The Department of Civil Service (Civil Service) administers the New York State Health Insurance Program (NYSHIP) and contracts with Carelon Behavioral Health (Carelon), formerly Beacon Health Options, to administer the mental health and substance use (MHSU) program for the Empire Plan, NYSHIP’s primary health insurance plan. Civil Service is responsible for maintaining the New York Benefits and Accountability System (NYBEAS), the system of record for member enrollment and eligibility information. A prior audit, issued in May 2022, identified $3.21 million in overpayments for MHSU services, which resulted primarily from retroactive disenrollments (disenrollments entered into NYBEAS after the date the change in eligibility had taken effect). The follow-up found Carelon had recovered nearly $726,000 of the $3.21 million in overpaid claims identified, and Civil Service and Carelon implemented quarterly reconciliations of eligibility information between NYBEAS and Carelon’s system to help ensure claims are paid only for eligible members. Of the initial report’s four audit recommendations, three were implemented and one was partially implemented.

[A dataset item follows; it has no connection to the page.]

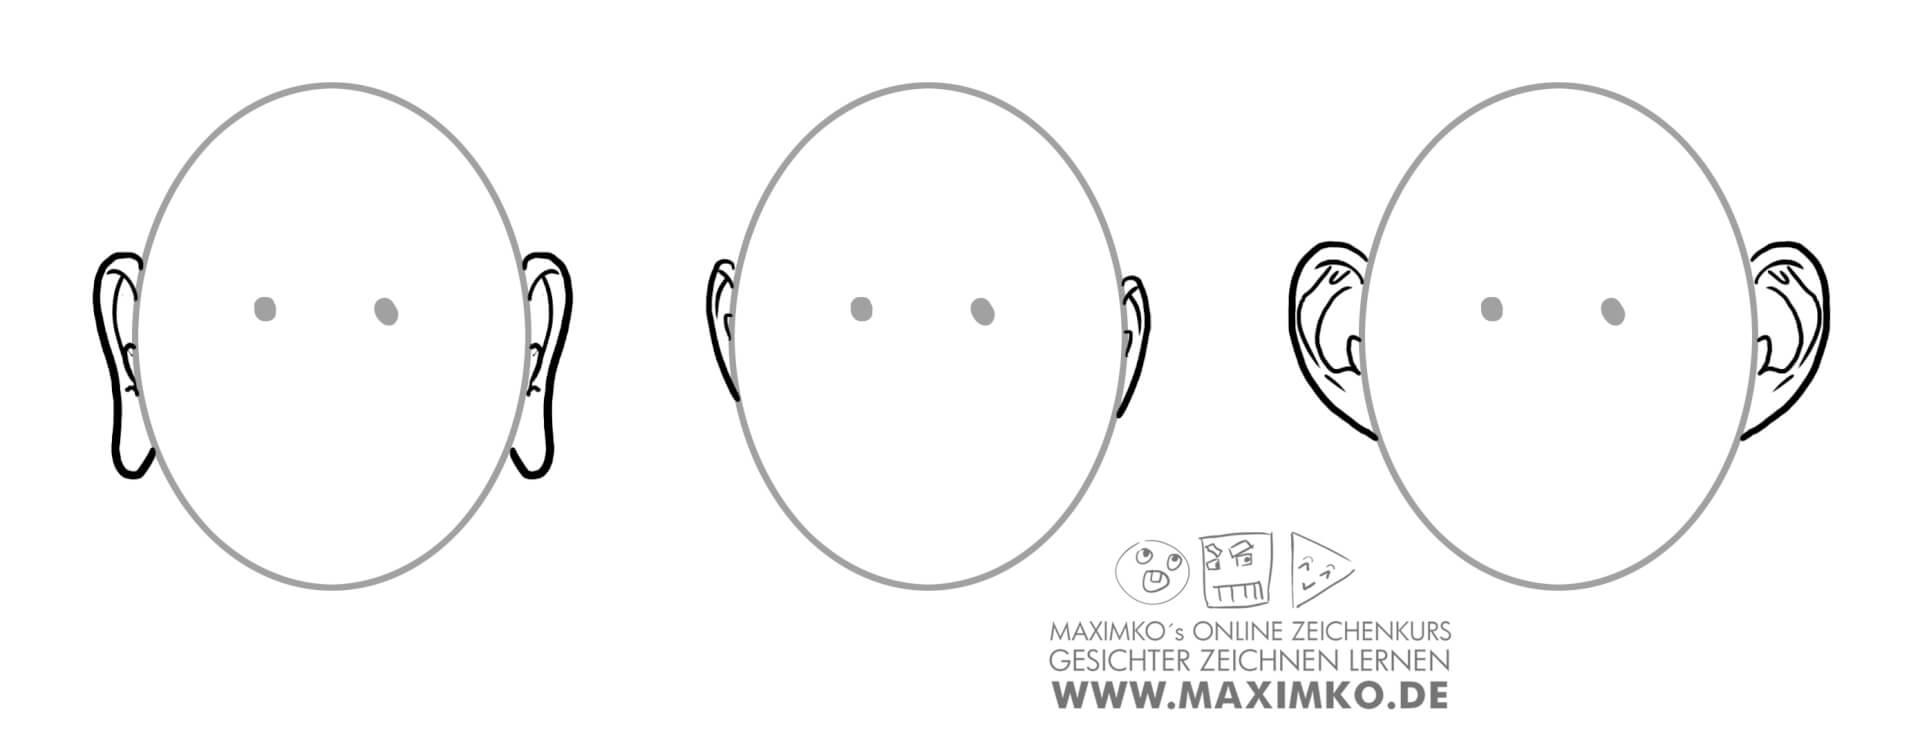 ohren zeichnen lernen tutorial unterschiedliche ohren auswirkung maximko

Department of Health – Medicaid Program: Improper Payments for Services Related to Ordering, Prescribing, Referring, or Attending Providers No Longer Participating in the Medicaid Program (Follow-Up) (2023-F-24) 

Beginning January 1, 2014, New York’s Medicaid program required that physicians and other health care professionals who order, prescribe, refer, or attend (OPRA) Medicaid services be appropriately screened and enrolled in Medicaid and have an “active” provider status. A prior audit, issued in April 2022, found that the Department of Health’s (DOH) eMedNY claims processing system edits designed to prevent payments for services with an inactive OPRA provider were flawed, and Medicaid made $965 million in payments for 2.3 million OPRA services by physicians and professionals who were no longer actively enrolled in Medicaid on the service date. The follow-up found DOH recovered less than 1% of the $965 million and DOH had not enhanced eMedNY controls to more promptly identify OPRA providers not actively enrolled in Medicaid and deny the related claims. Of the initial report’s six audit recommendations, one was implemented and five were not implemented.